#ubuntu-in 2016-11-21
<hannibalstal> hello everyone
<Kilos> hi hannibalstal
<hannibalstal> this is channel for indian ubuntu users :D
<hannibalstal> hello kilos
<hannibalstal> wassup?
<Kilos> not much and there
<hannibalstal> same working on how to get registerd on irc :D
<hannibalstal> new here on irc
<hannibalstal> you from india?
<Kilos> aha
<Kilos> no im from south africa
<hannibalstal> yup
<hannibalstal> ok
<Kilos> type in
<hannibalstal> in
<hannibalstal> means i dont get it ?
<hannibalstal> what you mean?
<Kilos>    /msg nickserv register nick email address
<Kilos> im slow sorry
<Kilos> wbb
<hannibalstal> its ok bro np
<hannibalstal> ok so if i want to join channel like on ubuntu free node afterregistering is it possible?

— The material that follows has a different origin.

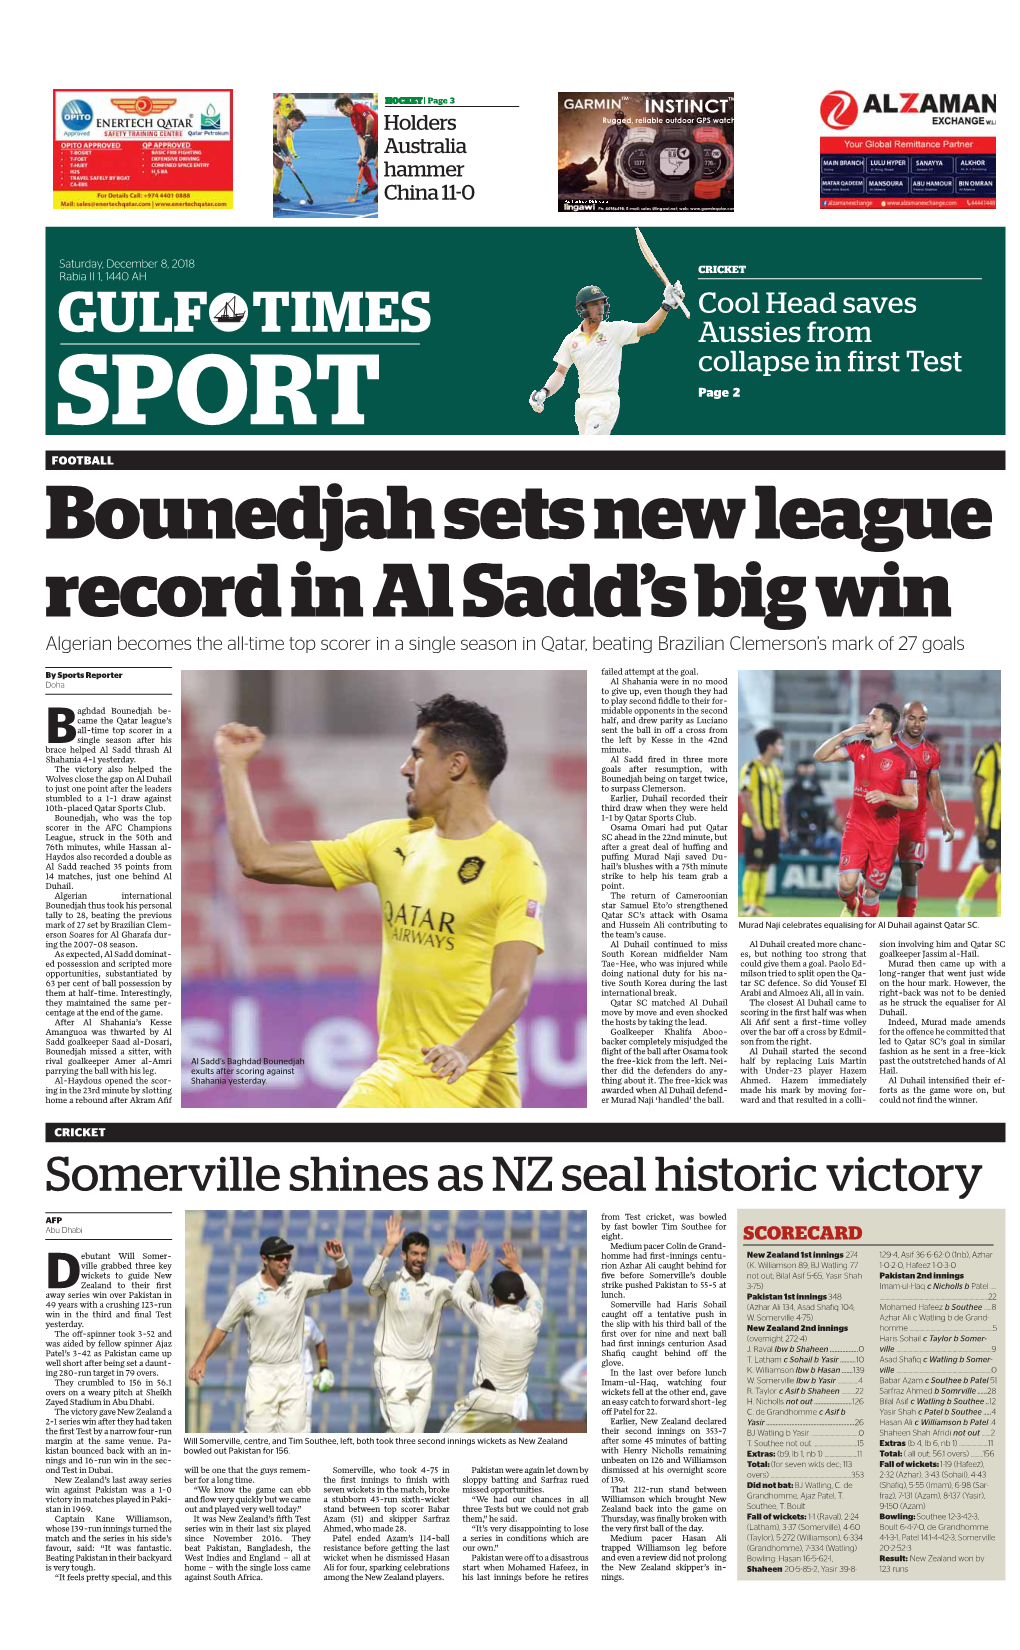 Bounedjah Sets New League Record in Al Sadd's Big
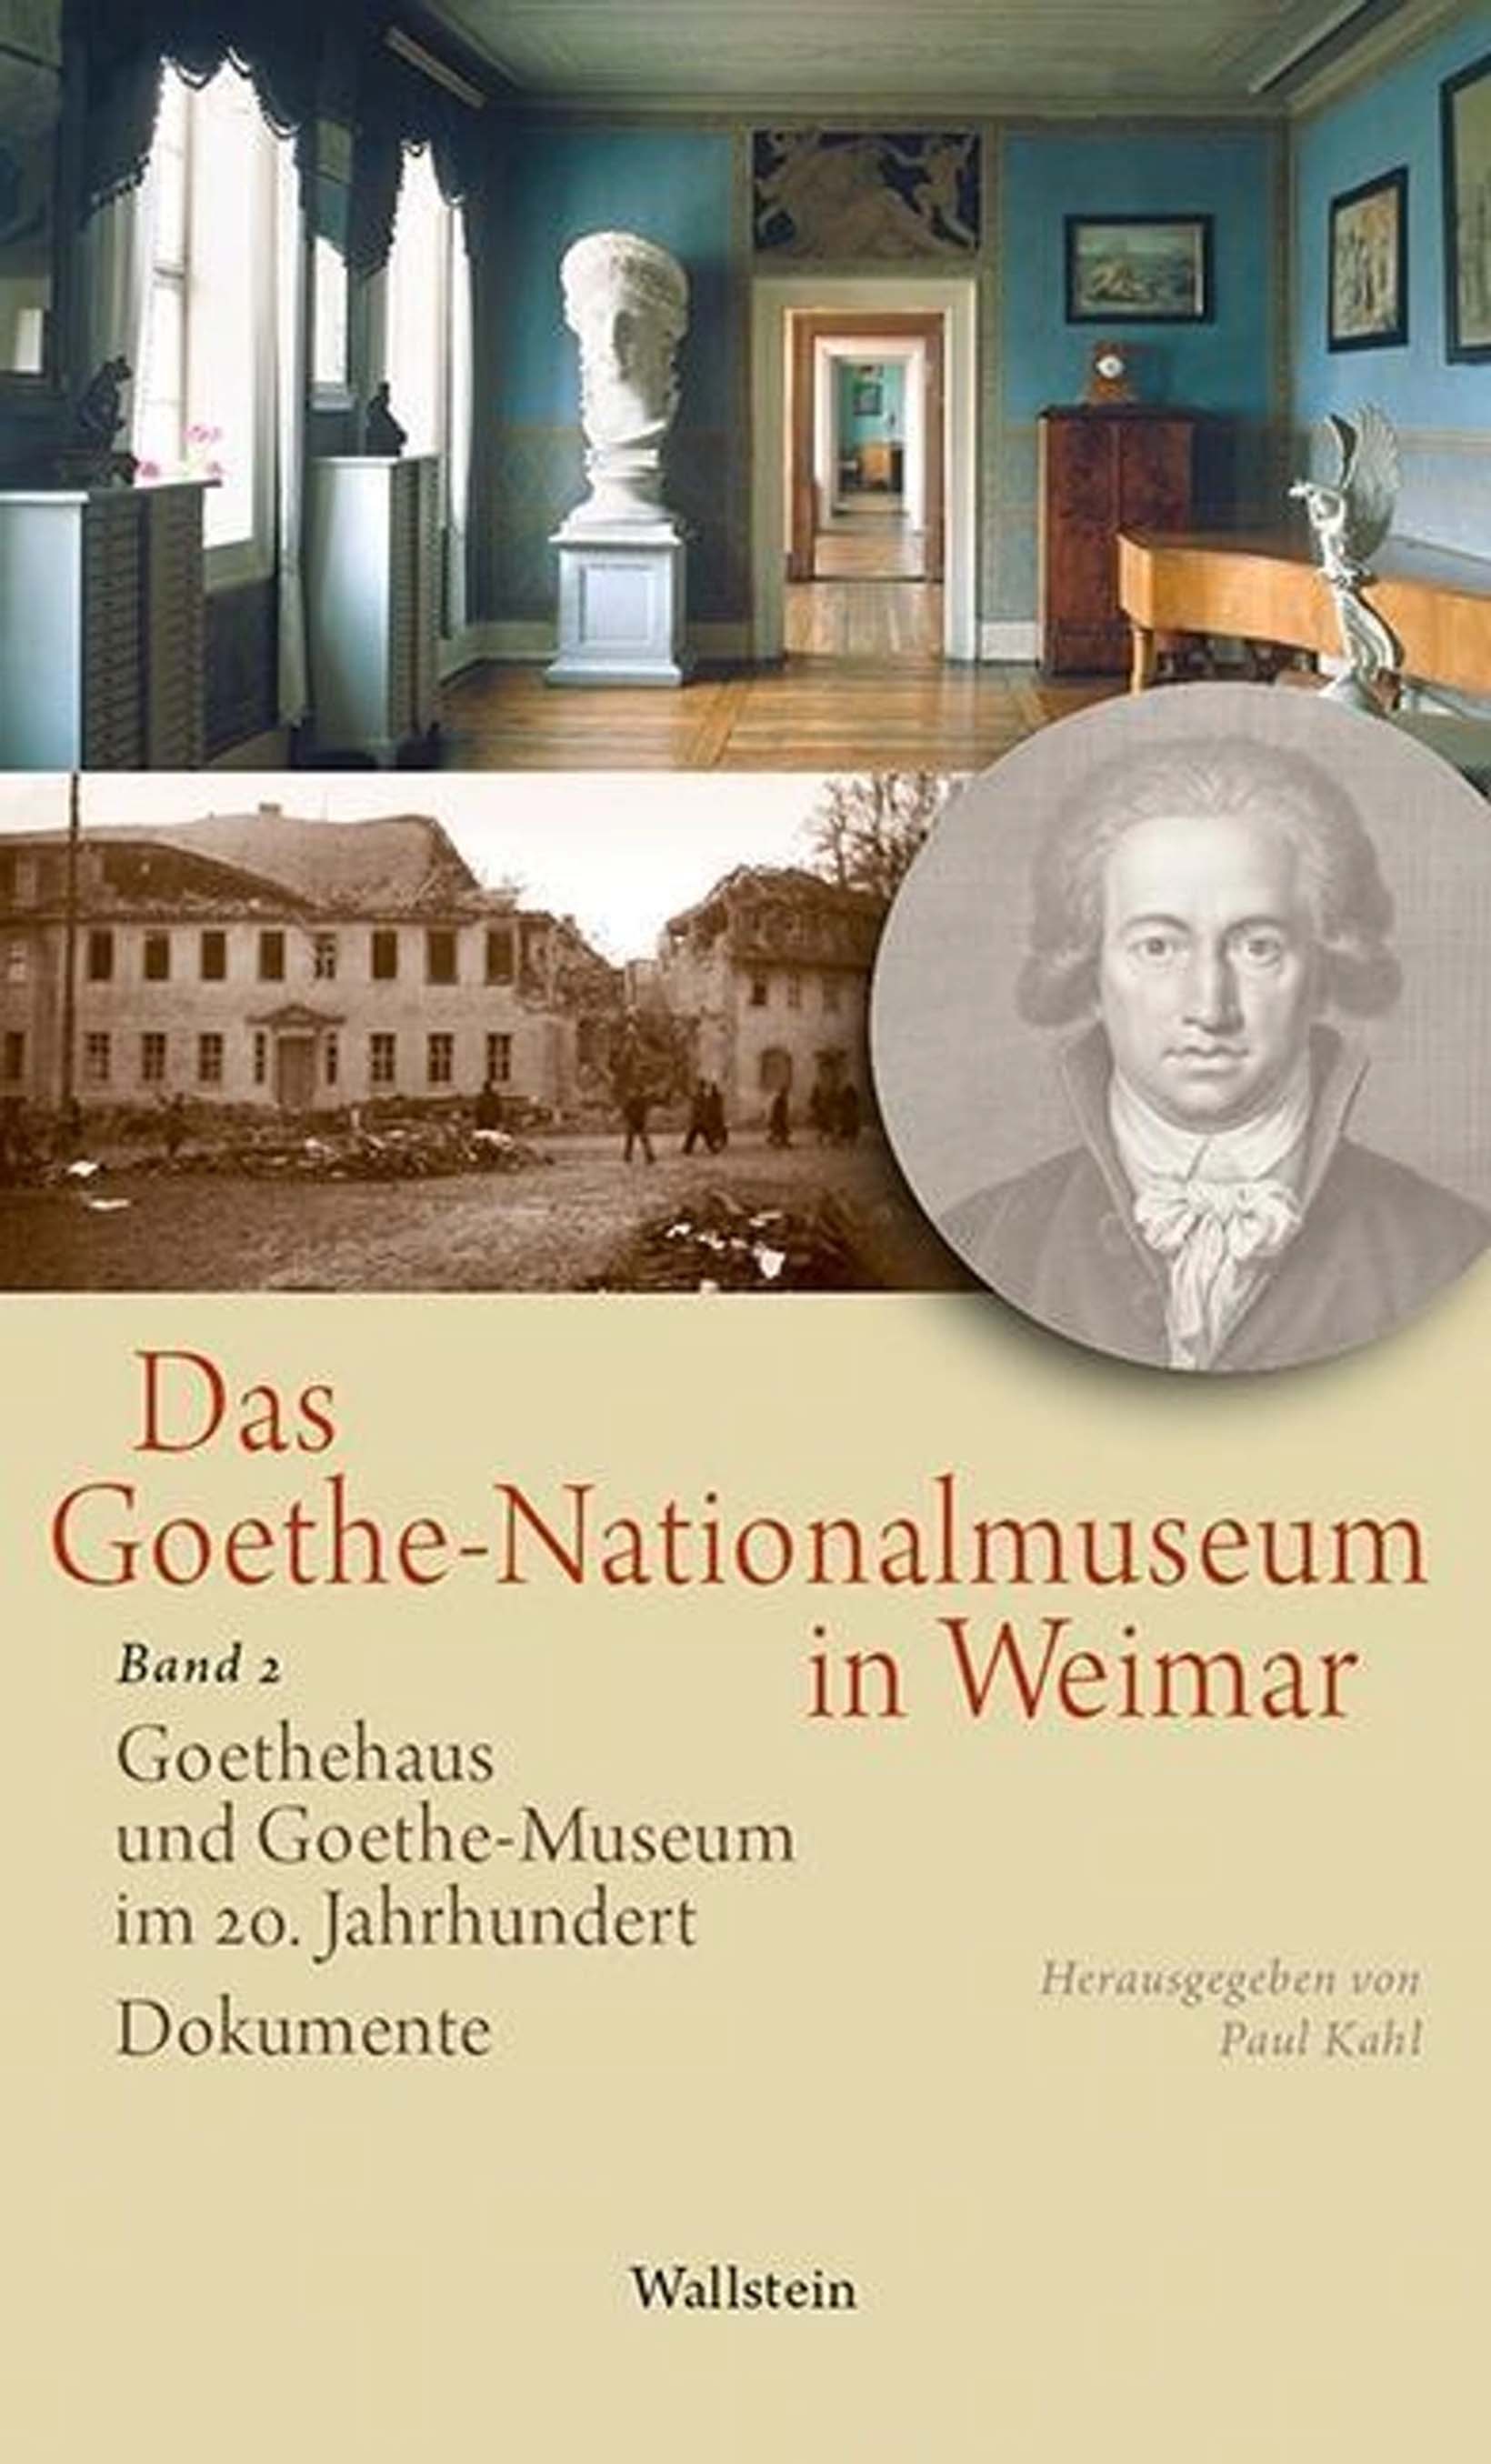 Bucheinband von »Das Goethe-Nationalmuseum in Weimar, Band 2: Goethehaus und Goethe-Museum im 20. Jahrhundert«

<hannibalstal> i mean by regestering on freenode can i join any channel on irc
<Kilos> yes
<Kilos> you can join many channels
<Kilos> registering mainly keeps your nickname safe from being stolen
<Kilos> to join other channels automatically you set it up in your irc client
<Kilos> or you can just type in here /join #channel name
<Kilos> you can type in /nickserv help for some ideas on commands
#ubuntu-in 2018-11-22
<rajrajraj> can someone help me with ubuntu grub
#ubuntu-in 2018-11-25
<roij> How do I create a conf file for apt-sortpkgs such that it lists fieds in user defined order?
<roij> How do I create a conf file for apt-sortpkgs such that it lists fieds in user defined order?
#ubuntu-in 2019-11-22
<codi> hi
<codi> my drive not able to open
<codi> what to do?
<codi> please help someone linux guru here
<codi> pd09041999[m], pavlushka lubotu2 Hobbes`
<pavlushka> codi: yeah, lubotu2 can help you
<pavlushka> codi: join #ubuntu and ask the same question
<codi> whats this channel for?